A Toronto-based company has developed an app to help people find their ideal flexible work space in under-utilized places such as restaurants, coffee shops, and retail stores.

Flexday curates inspiring and available work spaces to help people become more productive. Each location gives a person fast WiFi and power within reach, perks like unlimited coffee, and remote working peers.

The idea has been hugely successful and the company is looking to expand the concept to other cities in the future. 

PHOTO: FLEXDAY

Justin Raymond, founder and CEO of Flexday, said the company went to market in October 2017 starting with two restaurants in downtown Toronto.

“We wanted to see if the concept was something people were interested in. It’s been fascinating. This is a new product in a new category. It’s very fresh. I think open-minded people and early adopters love it. As a startup you sort of need to listen to the market and business that’s going to be sustainable and beneficial to all parties. So that’s what we’ve been doing. It’s been a lot of fun,” said Raymond.

Flexday is a network of work-friendly spaces across Toronto giving people access to productive work space where and when they need it. The company currently has 42 locations across Toronto and they’re all accessible on demand through the company’s app.

The app will show someone the locations around them. When they are ready they can select a location to check in and they will be issued an entry pass. That entry pass allows people to walk into a location whether it’s a restaurant or a hotel or a retail store or a co-working place and spend as much time as they need there to get their work done.

People will have a guaranteed seat waiting for them. It’s enterprise grade WiFi on a secure network. Power is within reach and perks can include free coffee, tea and other things depending on the location.

“We have over 7,000 members now in Toronto and we’re a four and a half to five-star rated app. People rate their visits every day. They love it. We’re always looking for ways to improve it. So our member base always provides us with ideas or gives us helpful tips or recommend new locations,” said Raymond. “Some people use it one to two times a week. Some people use it three or four times a week. The bottom line is that people keep coming back and they ask for more locations.

“Probably the most compelling stat I can give you is that over last 60 days we’ve had 900 location requests from new members.”

Raymond said the company has plans in the future to roll out the idea to other cities.

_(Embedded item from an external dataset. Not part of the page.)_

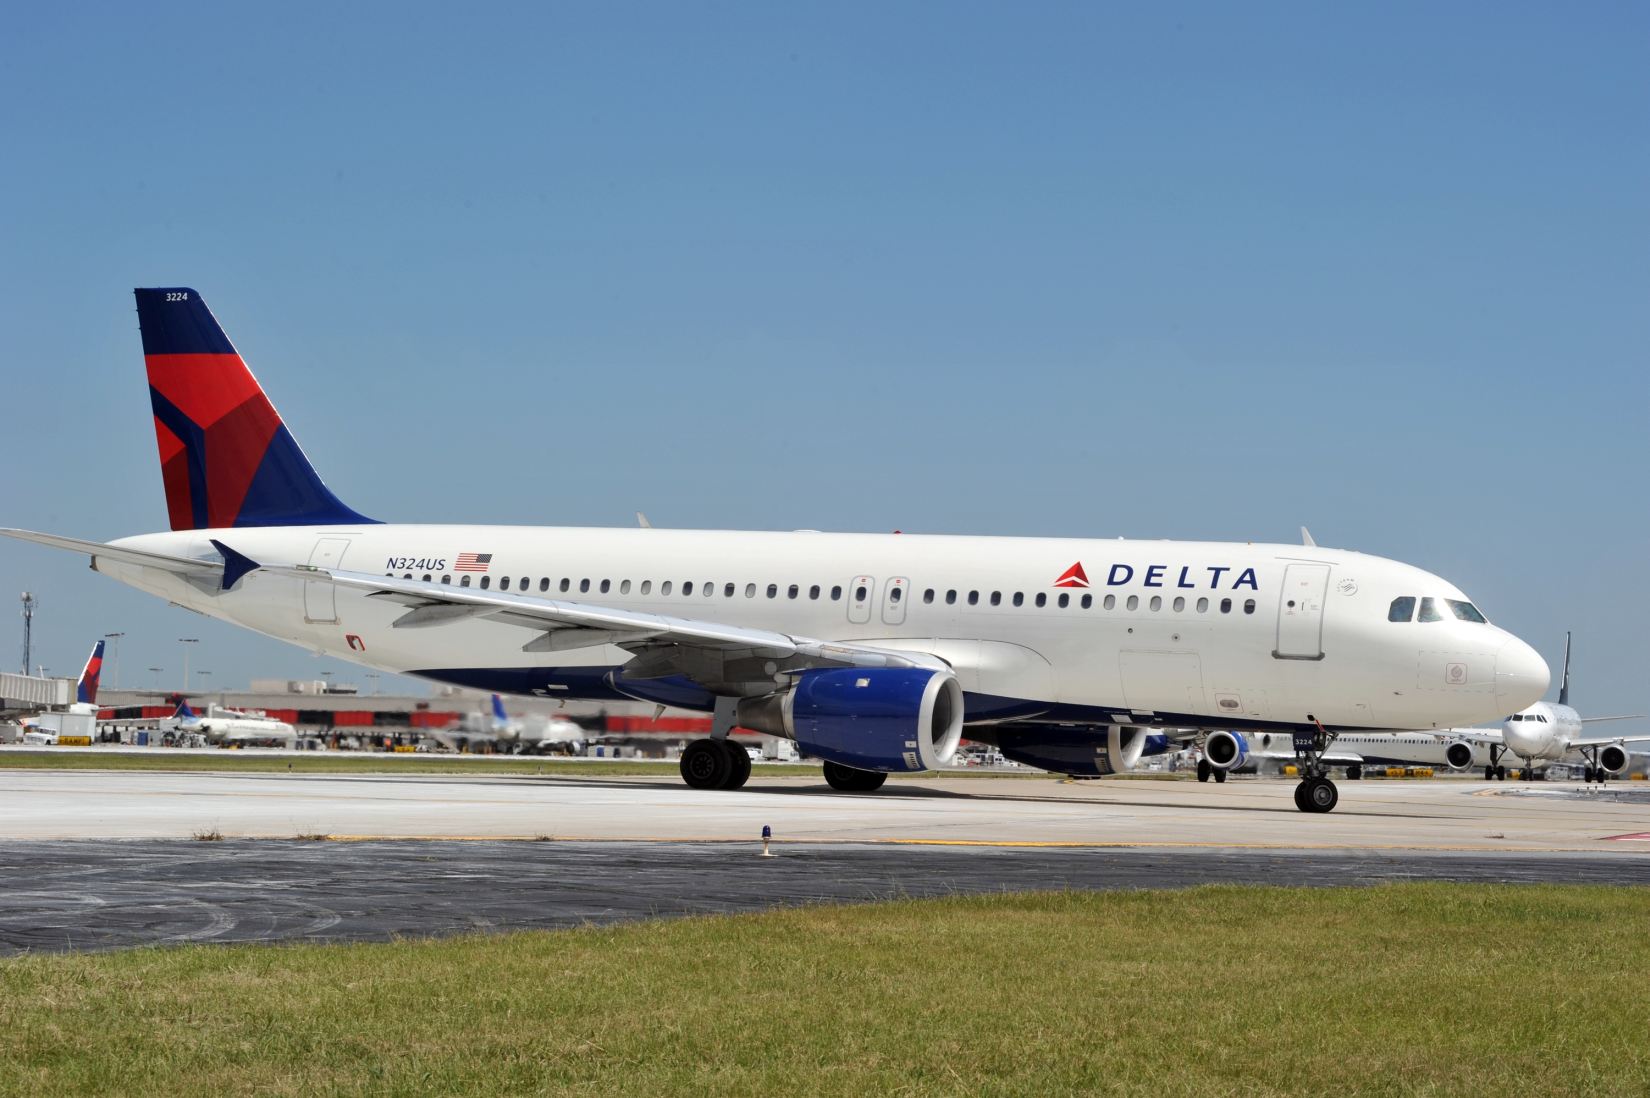 Airbus Delta-színekben: az ameirkai légitársaságok szívesebben veszik majd az amerikai A320-ast

“In order to do this properly, you’ve got to do it really well in one city. So you’ve got to create that playbook and have everything flourishing and then once it’s really working then you can move it to new cities and new footprints. We’re building the right mix now of different types of spaces. Once we get that down, we’re planning to roll out literally hundreds of locations in the next year and when we have that roll out down pat we’ll be looking to move to new cities,” he said.

So what is the benefit for a restaurant or a coffee shop to use this service?

“We focus on bringing a tremendous amount of awareness to the location first and foremost. Every day people open up our app and they become familiar with the locations, the restaurants, the retail shops, the different hotels that are in the area. They become familiar with those locations so it’s another great way to showcase what you’re doing and how you’re welcoming people into your space,” said Raymond.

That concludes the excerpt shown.